Mama Mia, How Can I Forget You? Skopelos, Greece





We took a ferry to the wrong side of the island. That meant negotiating a taxi ride. In Greece not every cabbie will accommodate you. It's a thing where they'll often drive by and you kind of shout where you want to go through their window and if they feel like taking you there, they'll take you, or they'll keep right on driving. Don't take it personally. 
 

Walking up to the taxi stand we stated our destination, Agio Ioannis, and the driver sighed and shouted, “Mama Mia!” to the other drivers. I had seen the Mama Mia movie a couple years ago and had no idea it had been filmed in Skopelos, nor had I made the connection to Agio Ioannis. I joined the group going to Skopelos because when I wrote a recent novel I randomly chose it as a refuge for my shieldmaiden assassin. For me it was retroactive research.
 

Our taxi driver hadn’t had much sleep the night before and being inundated with a pile of perpetually cheerful female writers seemed to do him in. He asked what kind of car I drove and left me forever self-conscious about saying the word “Wrangler” with my American accent. We might have also called him The Nazi instead of Thanasi with our American accents, but mostly because he threatened to kill us at least three times.
 

The road to Glossa is full of hair pin curves and the driver talked with his hands. It was a memorable drive. Little shrines dot the highway. We assumed they were shrines to Thanasi’s previous fares, but a native later told me they’re actually a type of thank you to guardian angels from people who’ve had accidents there and survived.

Agios Ioannis


Agios Ioannis is a church on top of a tall outcropping of rock. However people managed to build it up there is a testimony to the human spirit. It’s spectacular. The hike up is a blast, going up paths and stairs. The view from the top is breathtaking. The Aegean Sea is so clear and the color of it from above talks to your soul. My cheery group of writers were the only people up there and we practically danced around examining every aspect of it. 

View from Mama Mia Church

One of us may or may not have moved the boards to examine the ancient outhouse (a hole in the ground, sorta hanging off the island), and if it had been me who decided to use this facility I’d never admit it even if there are technically photographs, because writers have some seriously messed up senses of humor. No wonder Thenasi threatened to kill us so much. We kind of felt the same way about him when he harshed our Aegean commune with nature by laying on the horn down below. (He’d only allotted us 30 minutes.)

 

After our day at the Mama Mia church (and no tourists or taxi drivers killed anyone) I later returned to Skopelos solo.

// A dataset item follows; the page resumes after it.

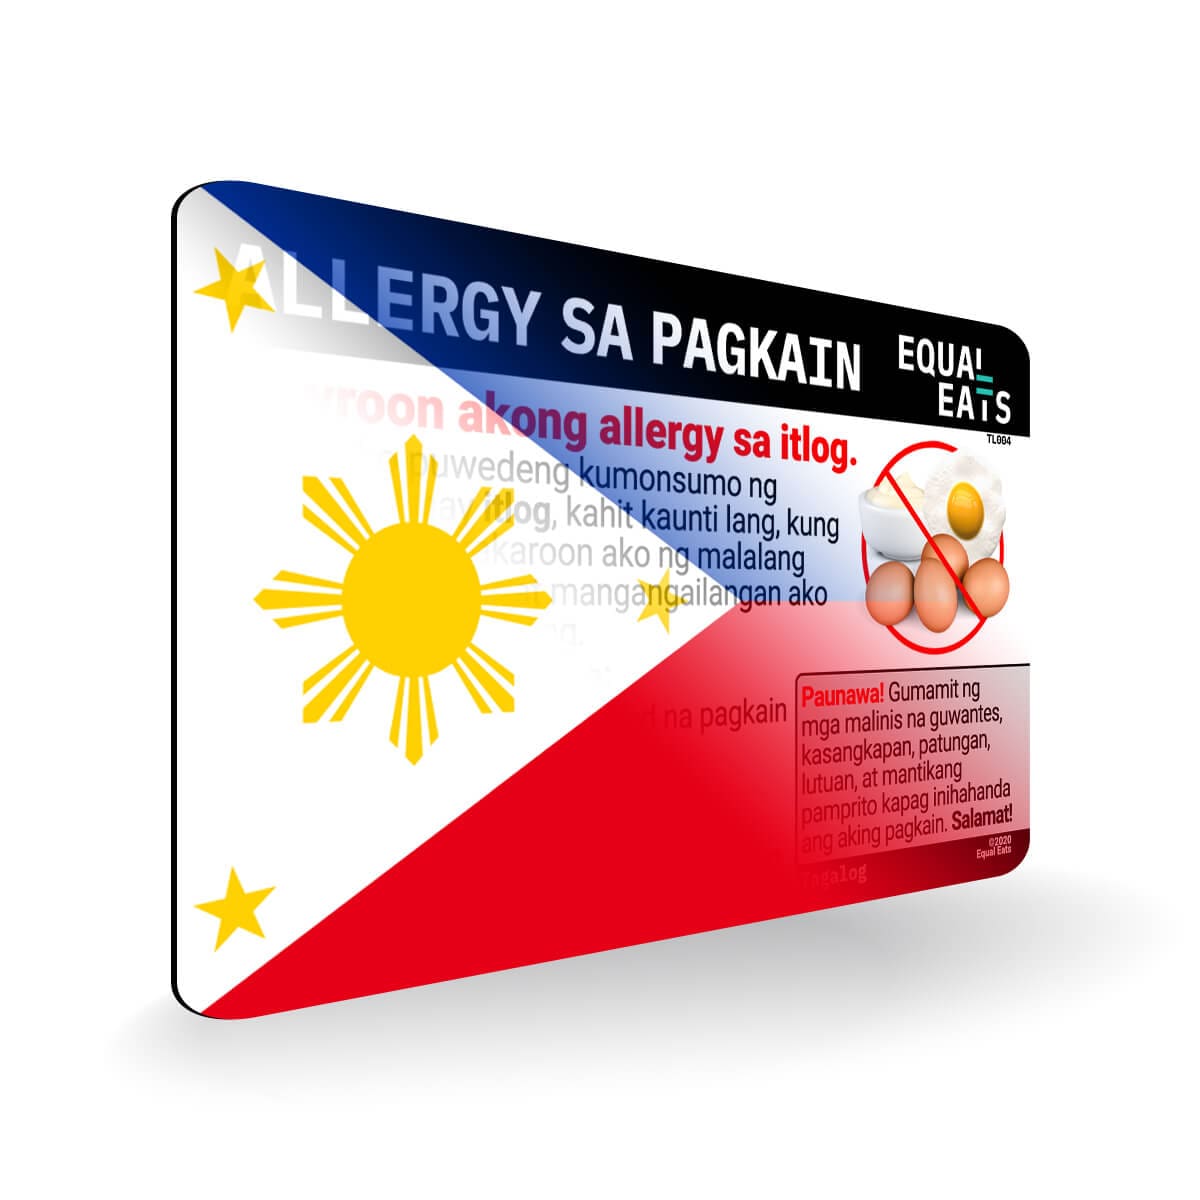 Egg Allergy in Tagalog. Egg Allergy Card for Philippines

My goal was to find the café and house I’d chosen for my main characters from thousands of miles away. It’s not too difficult to find a white house with turquoise shutters in Greece, but this one needed three stories so my assassin could jump from the balcony to the street below—and really freak her husband out. This is the type of realistic detail that can occupy the writer mind indefinitely. It’s why we play so well all by our onesies. Sure it’s fiction, but it needs a basis in reality.
 
Panagista of Pyrgos

Getting lost in the labyrinthine alleys, tackling never-ending stairs and wandering the backstreets of Skopelos was heavenly. I’d first spotted Panagitsa of Pyrgos from the port when my ferry stopped briefly at the island weeks before, now I had time to examine it up close. My hours were spent wandering to the places I’d only gone in my imagination with my characters as my avatars. It turns out that Google Earth is an incredibly accurate research tool. It was still a thrill to light candles in Saint Nicholas church myself, and stop at a juice bar that my clean-eating Carole Blank would have approved of. 


 

One of my tasks was thwarted. My To-Do list for Skopelos included trying cinnamon ice-cream, which might be the only commonality for the couple from my book, but the only place I could find that had it (gelato is far more popular) was once again on the other side of the island. I went to the taxi stand, and guess who was there just waiting to harsh my quest? Yep. Thenasi. He said he’d take me over for a price way beyond my ice-cream budget. I have a feeling he might have recognized me.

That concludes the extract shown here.